▸ **Collected data**:
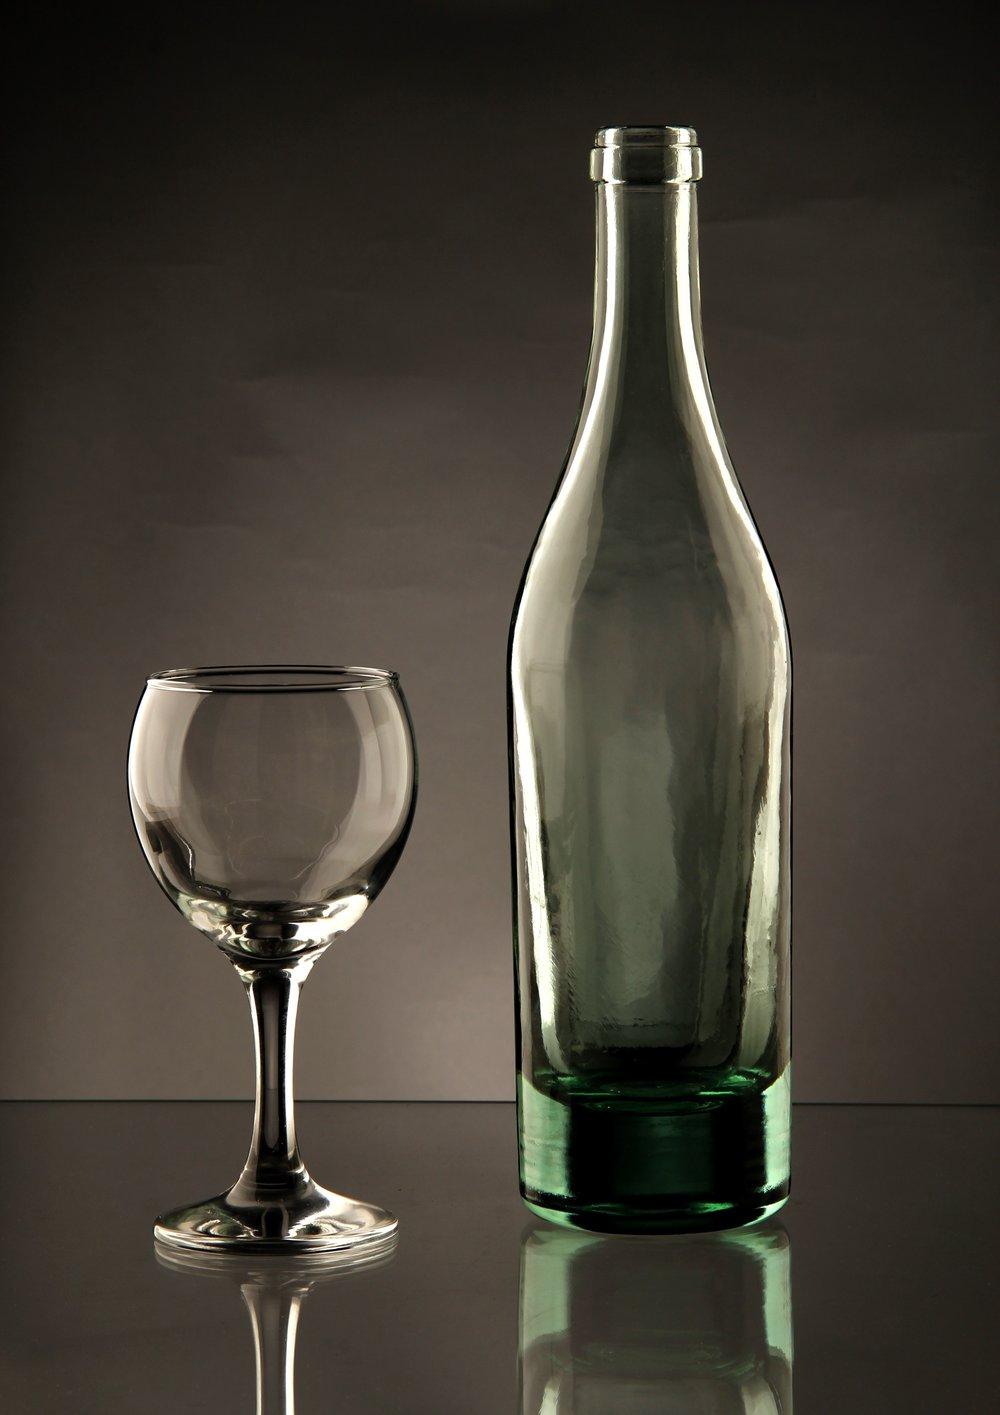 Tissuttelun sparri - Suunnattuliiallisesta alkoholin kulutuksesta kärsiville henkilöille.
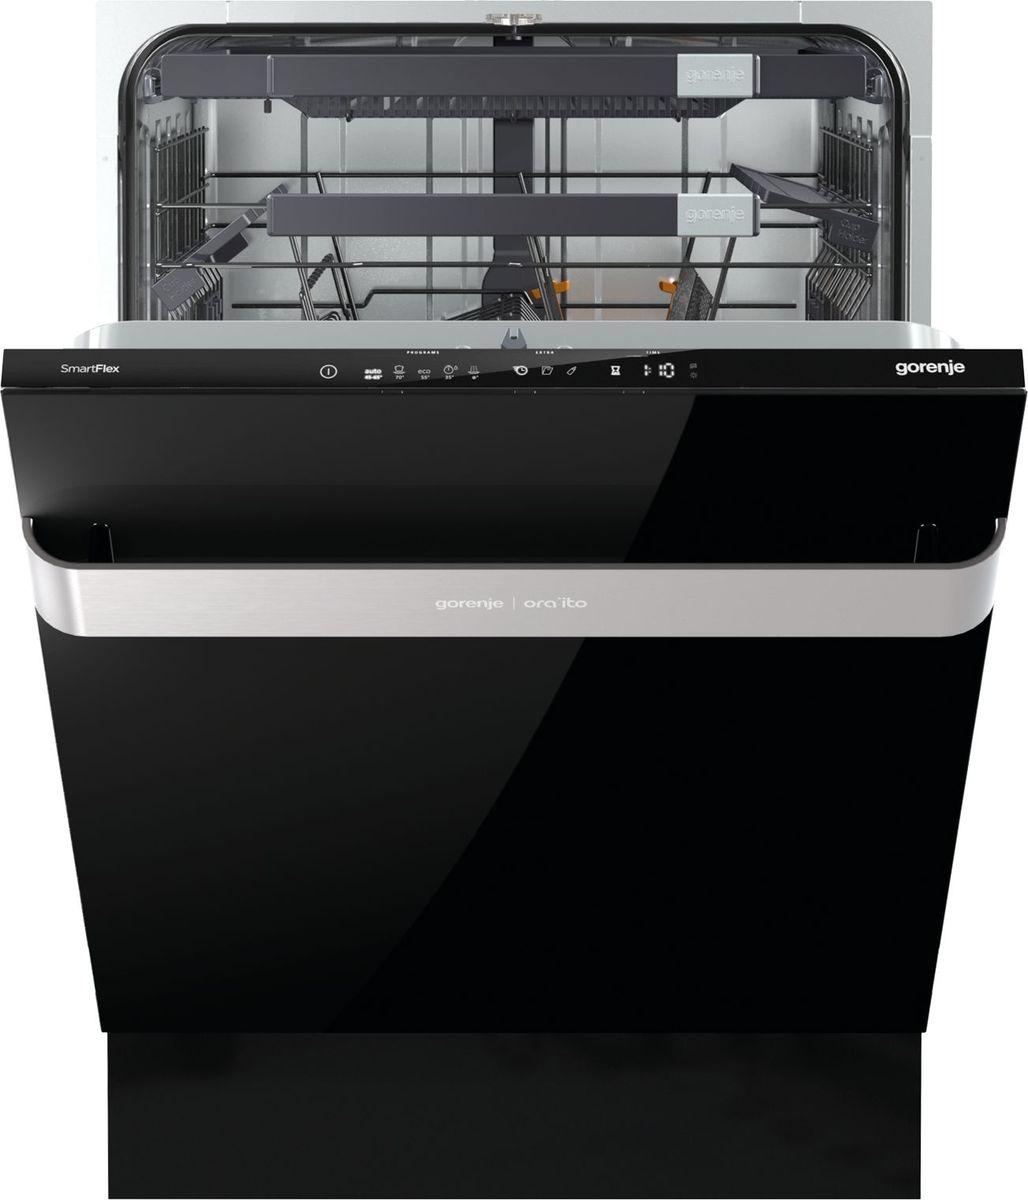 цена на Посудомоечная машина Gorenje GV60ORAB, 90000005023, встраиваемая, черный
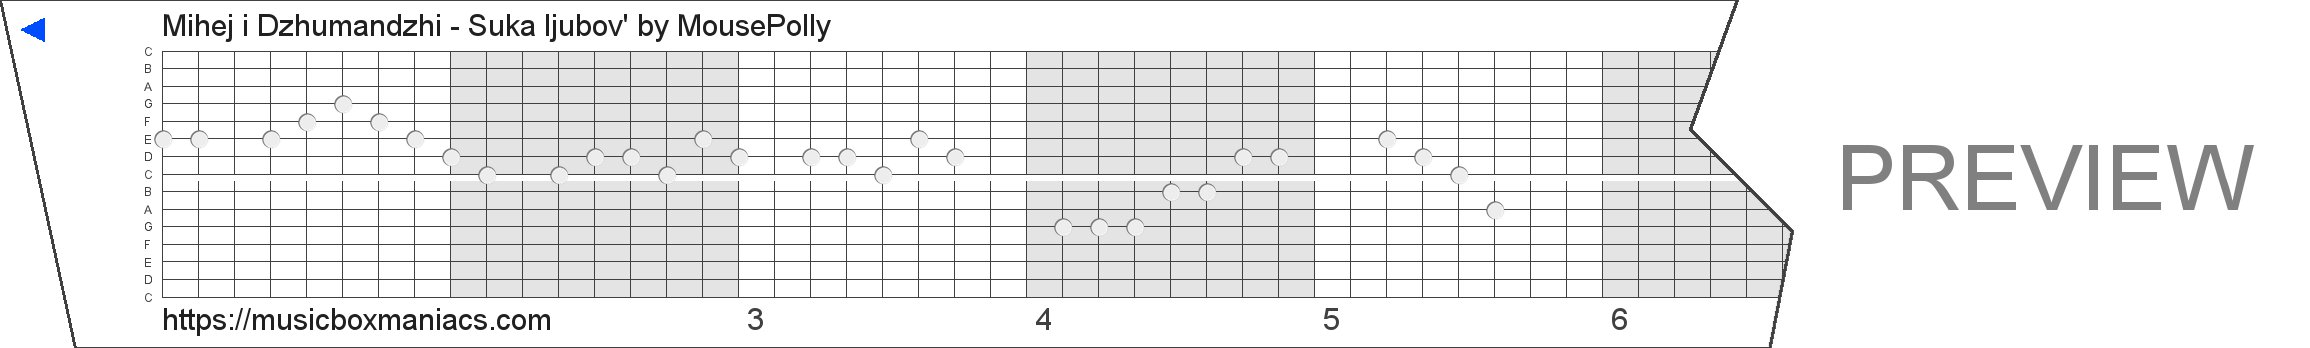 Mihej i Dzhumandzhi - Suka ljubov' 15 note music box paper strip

▸ **Aim of the exercise**:
Wherever a picture appears in the data, please drop it and retype the rest exactly.

▸ **Task solution**:
 Tissuttelun sparri - Suunnattuliiallisesta alkoholin kulutuksesta kärsiville henkilöille.
 цена на Посудомоечная машина Gorenje GV60ORAB, 90000005023, встраиваемая, черный
 Mihej i Dzhumandzhi - Suka ljubov' 15 note music box paper strip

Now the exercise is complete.